*Your task*
Could you write out the line containing "Series of colored" and all the lines below it in the data, exactly, through the final one and nothing else?

*Raw data*
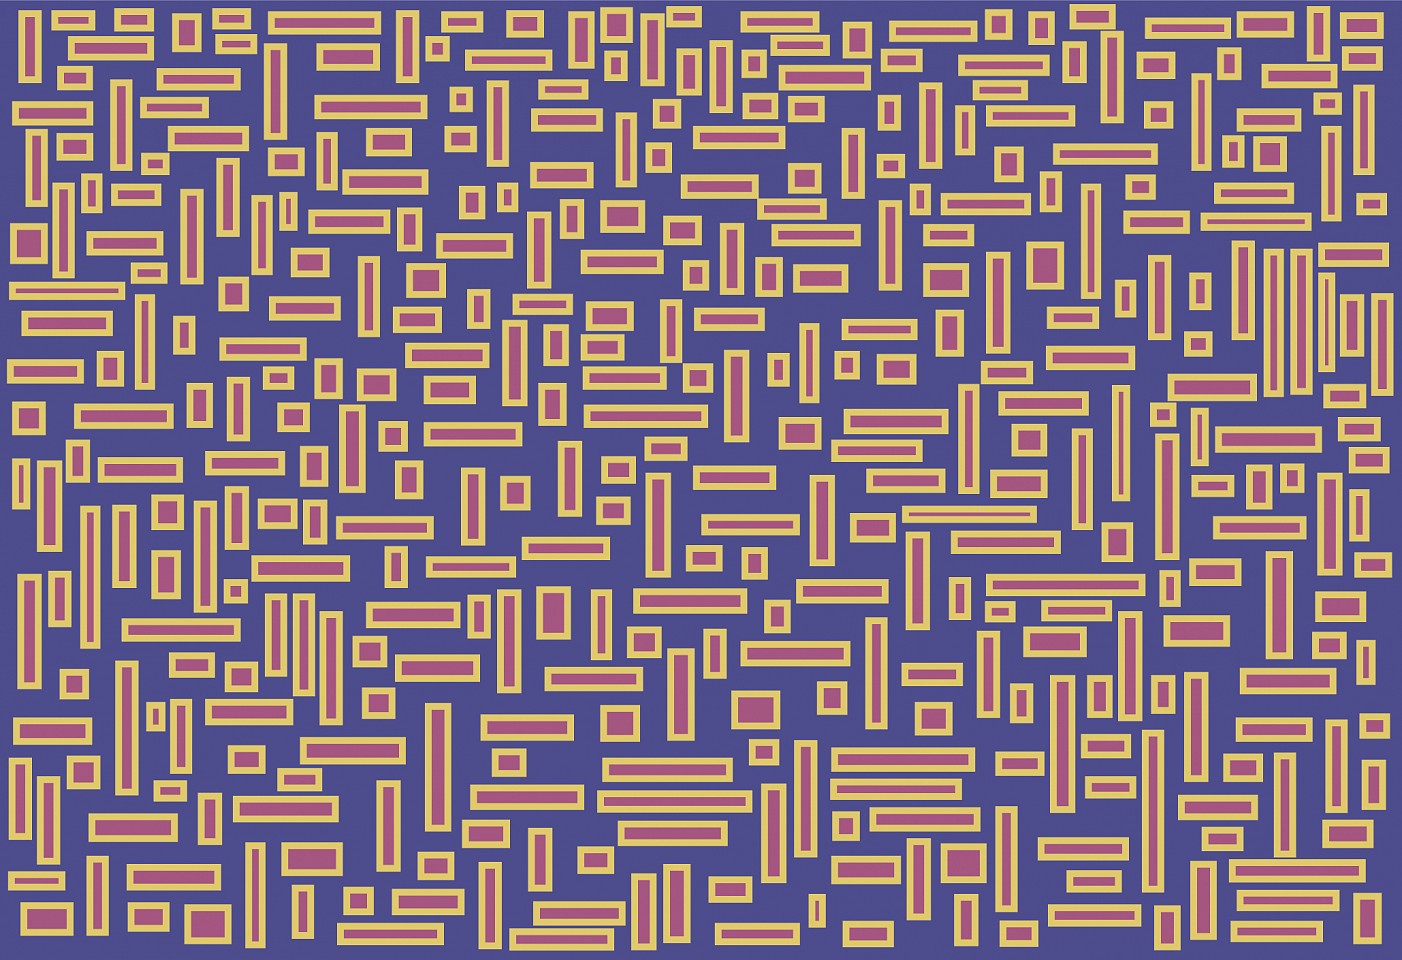 Dane Albert, Color Blocks #39, 2023
Acrylic on canvas (Concept), 48 x 60 in. (121.9 x 152.4 cm)
Series of colored blocks in multiple configurations
DA.cb-2023-039

*Solved problem*
Series of colored blocks in multiple configurations
DA.cb-2023-039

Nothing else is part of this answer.